I think that the focus on changing the rules has helped, for example the jerk coaches who not too long ago were teaching kids to put their helmet down when running or or tackling, a couple of years ago I was watching a pee wee football game and saw kids putting their heads down and tackling and the coaches were applauding the ‘big hit’. Other fundamental changes might be putting weight limits in football, while I have no way of knowing (given how sparse CTE data still is), I suspect that incidences of CTE were lower decades ago, in the late 1960’s defensive linemen and O linemen weighed around 250 pounds or so , and they tended to be slow, today linemen are easily 300 pounds and over, and they are fast as well, basic physics says the amount of force being generated is much greater than back then (these days, 250 pounds is a typical weight of a linebacker).

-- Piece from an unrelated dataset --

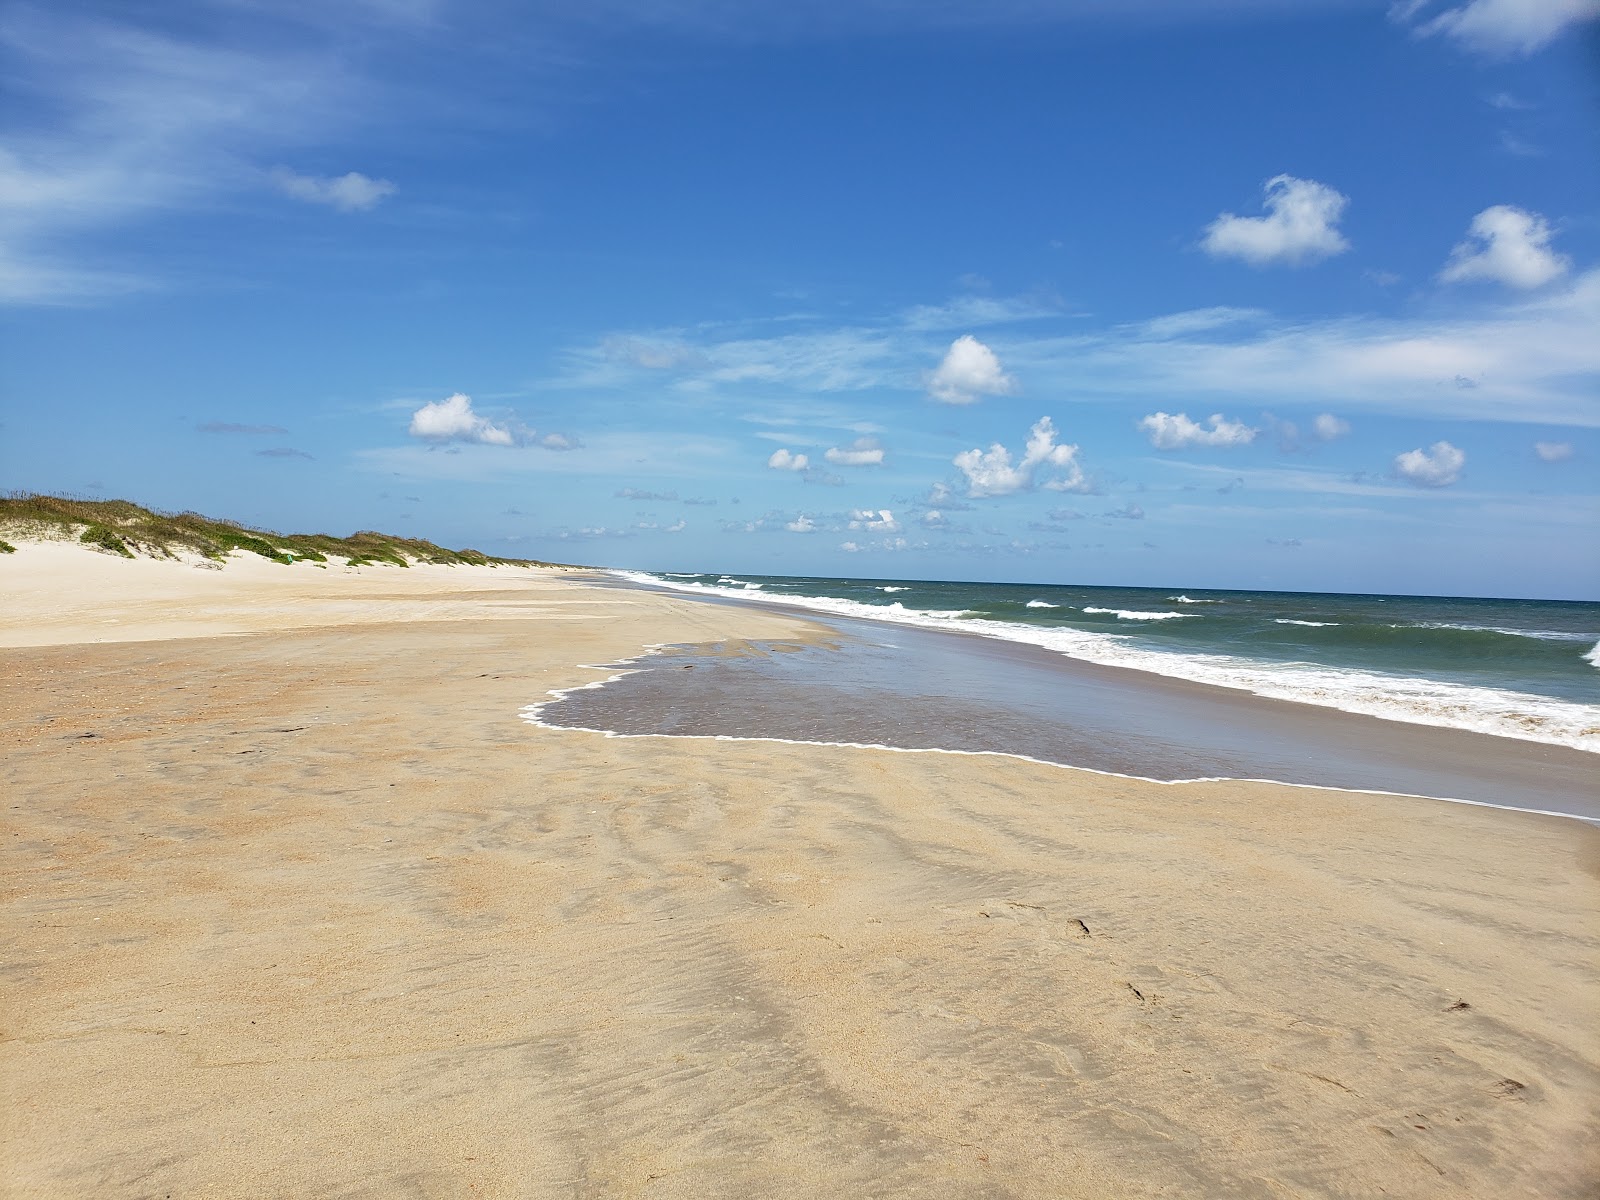 Zdjęcie Ocracoke beach z powierzchnią jasny piasek

As someone who has played the game, and also enjoy watching it, I am torn, but I don’t think the answer is to shrug it off or try and ‘prove’ as some posters on here or the many out there say, that since we don’t know how many people have CTE, what percent get it, we should assume it is something that may tragically affect a small number of players and not worry about it until we have more evidence that it is widespread, that is the wrong approach. I personally think we should limit kids before high school to flag football and for example, modify how kids are allowed to block and such, and also modify how high school players and beyond practice and the like. I think it is also appropriate of course to research if we can make the game safer (and not just use concussion numbers), maybe limiting things like the weight of players (personally, from what I have read by people like Damien Woody and others who have retired who were the “big men”, being that big takes a huge toll on their bodies as a whole and may not be so healthy, they don’t get to that size naturally, not saying steroids,but rather they have to do all kinds of crazy weight training and eating to get that big and fast). I think my priority (not that anyone would listen to me) would be in finding a test for living people, and also in how do we treat the victims of this.

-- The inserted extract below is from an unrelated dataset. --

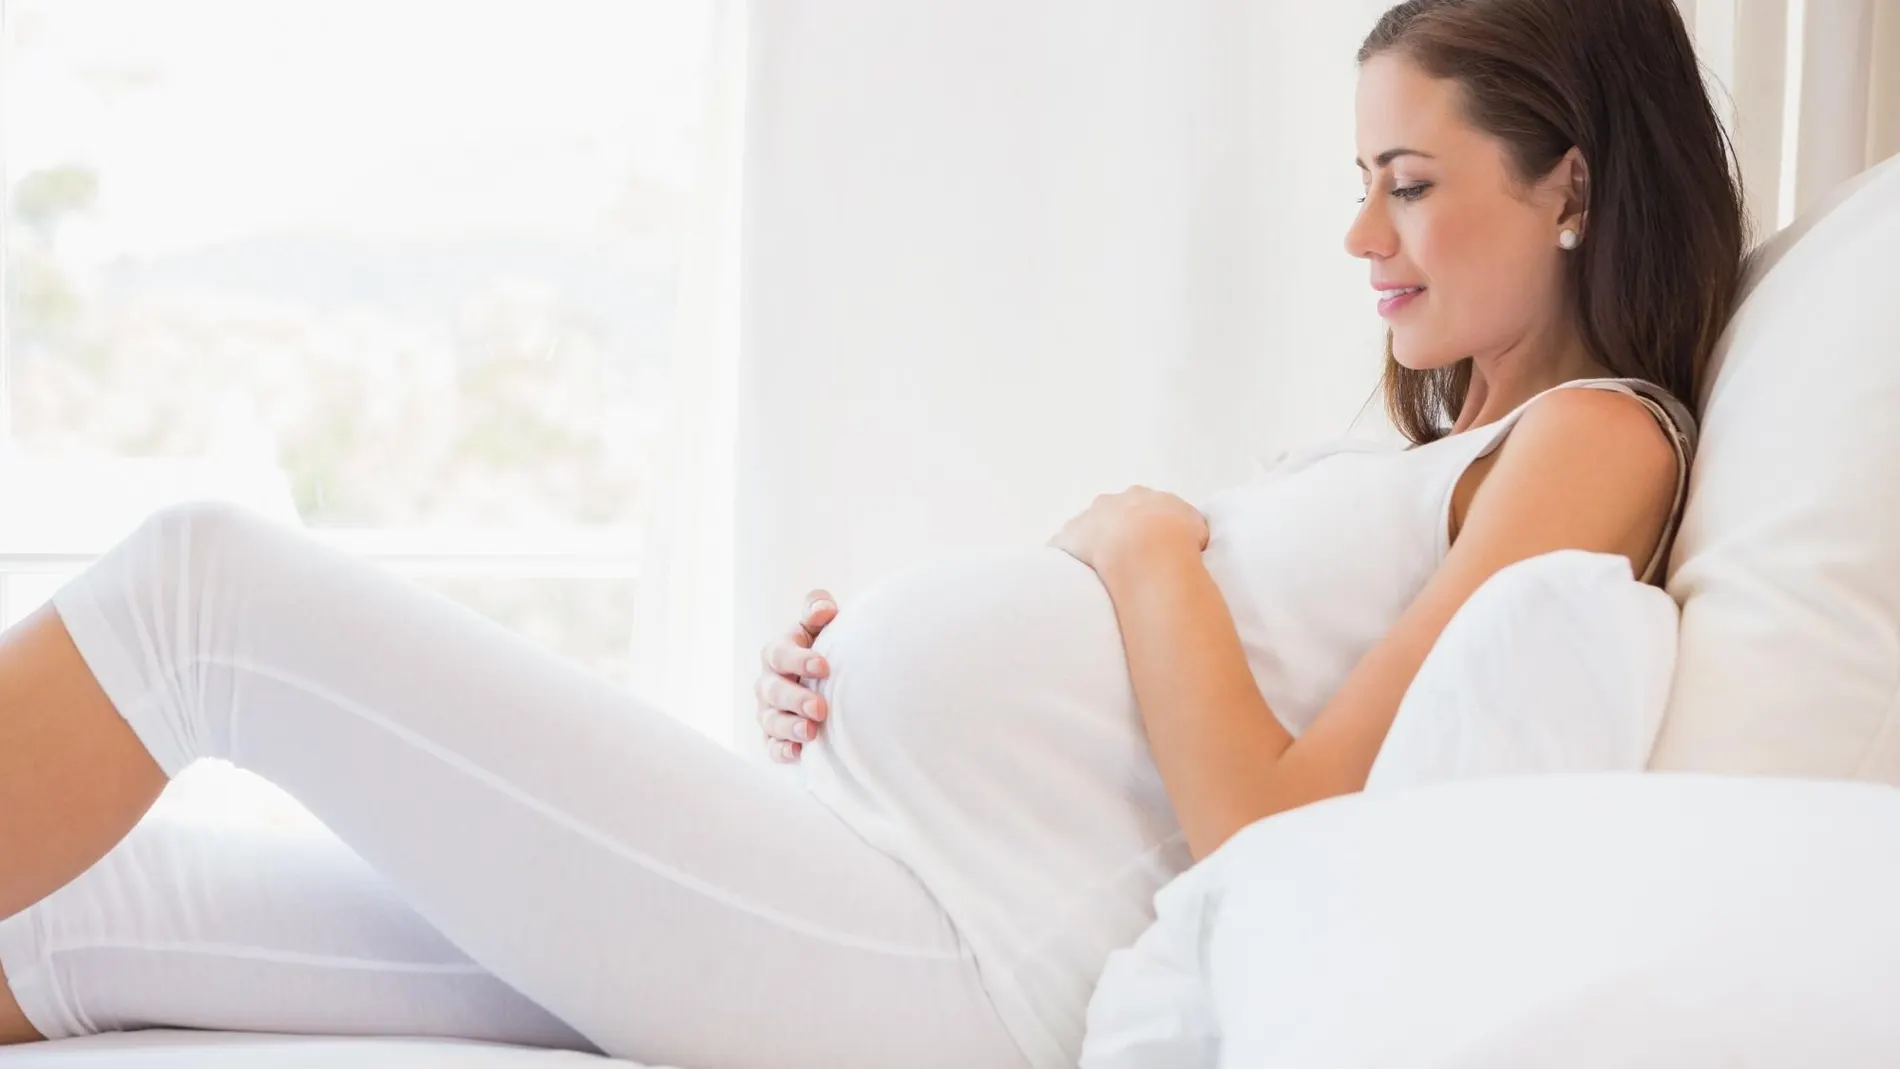 18 medidas imprescindibles para un embarazo seguro: ¡Más vale prevenir que lamentar!

And yes, other sports have seen CTE, not surprisingly, Rugby Players have been diagnosed with it post mortem, and I am sure that some players in other sports, or even for example some fighter pilots, race car drivers and the like might have it, but I would bet that because of the nature of football, with how many big hits they absorb all the time, they will have by far the most.

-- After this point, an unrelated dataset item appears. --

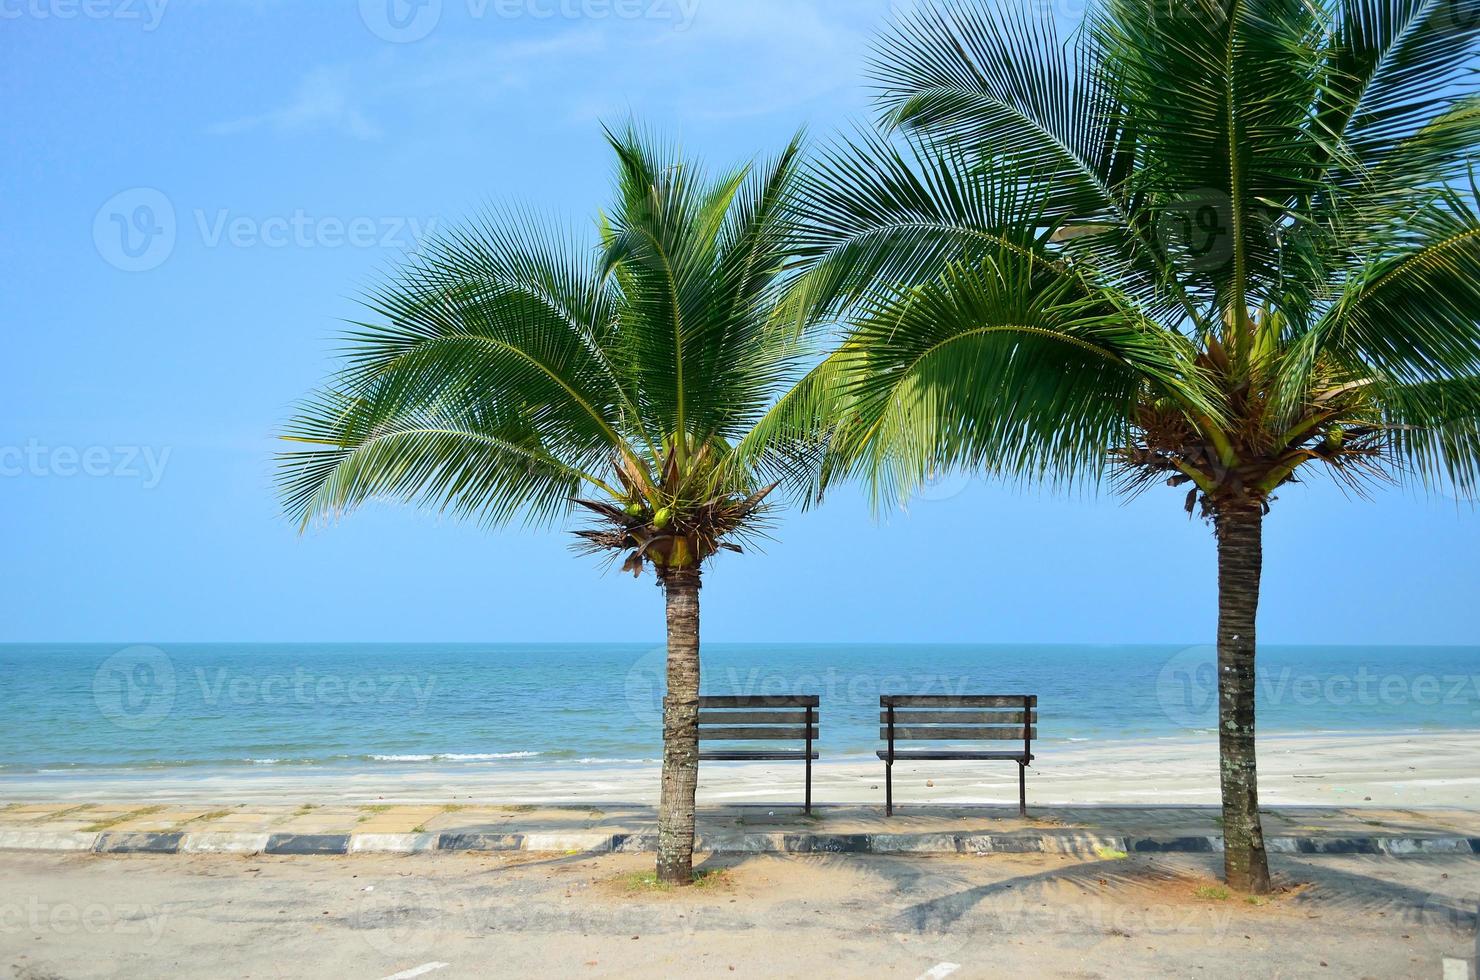 banc près de la plage avec cocotier vert photo

I don’t think the game is going anywhere, it is too big a business, both at the pro level and at the college level. My big fear is the industry and its supporters don’t turn this into another political football and try things like, for example, banning studying college football players or gathering data on CTE (if they can do it when they are alive) on players in their states as a way to try and protect the game, among other things, that will almost guarantee that if the CTE data is really really bad, the game will die, I am hoping with facts that the game can survive and the players know the risks, and also that there is a way to help treat them if it does happen. Unfortunately, I already have heard a lot of fans saying things like “of course football is violent, it is what the sport is, and if someone plays it, well, they take the risks of playing it” which is not only pathetic but also tells just how cold and selfish the person saying it is. As others have pointed out, sports often for some people is a way to a better life, division one football programs have 85 kids on football scholarships and a lot of them will never play ball, may not have decided to, but end up with enough education to do well, and they may be willing to take any risks to have that, but I think it is also our duty to make sure they know the exact risks, we do everything we can to protect them and treat them.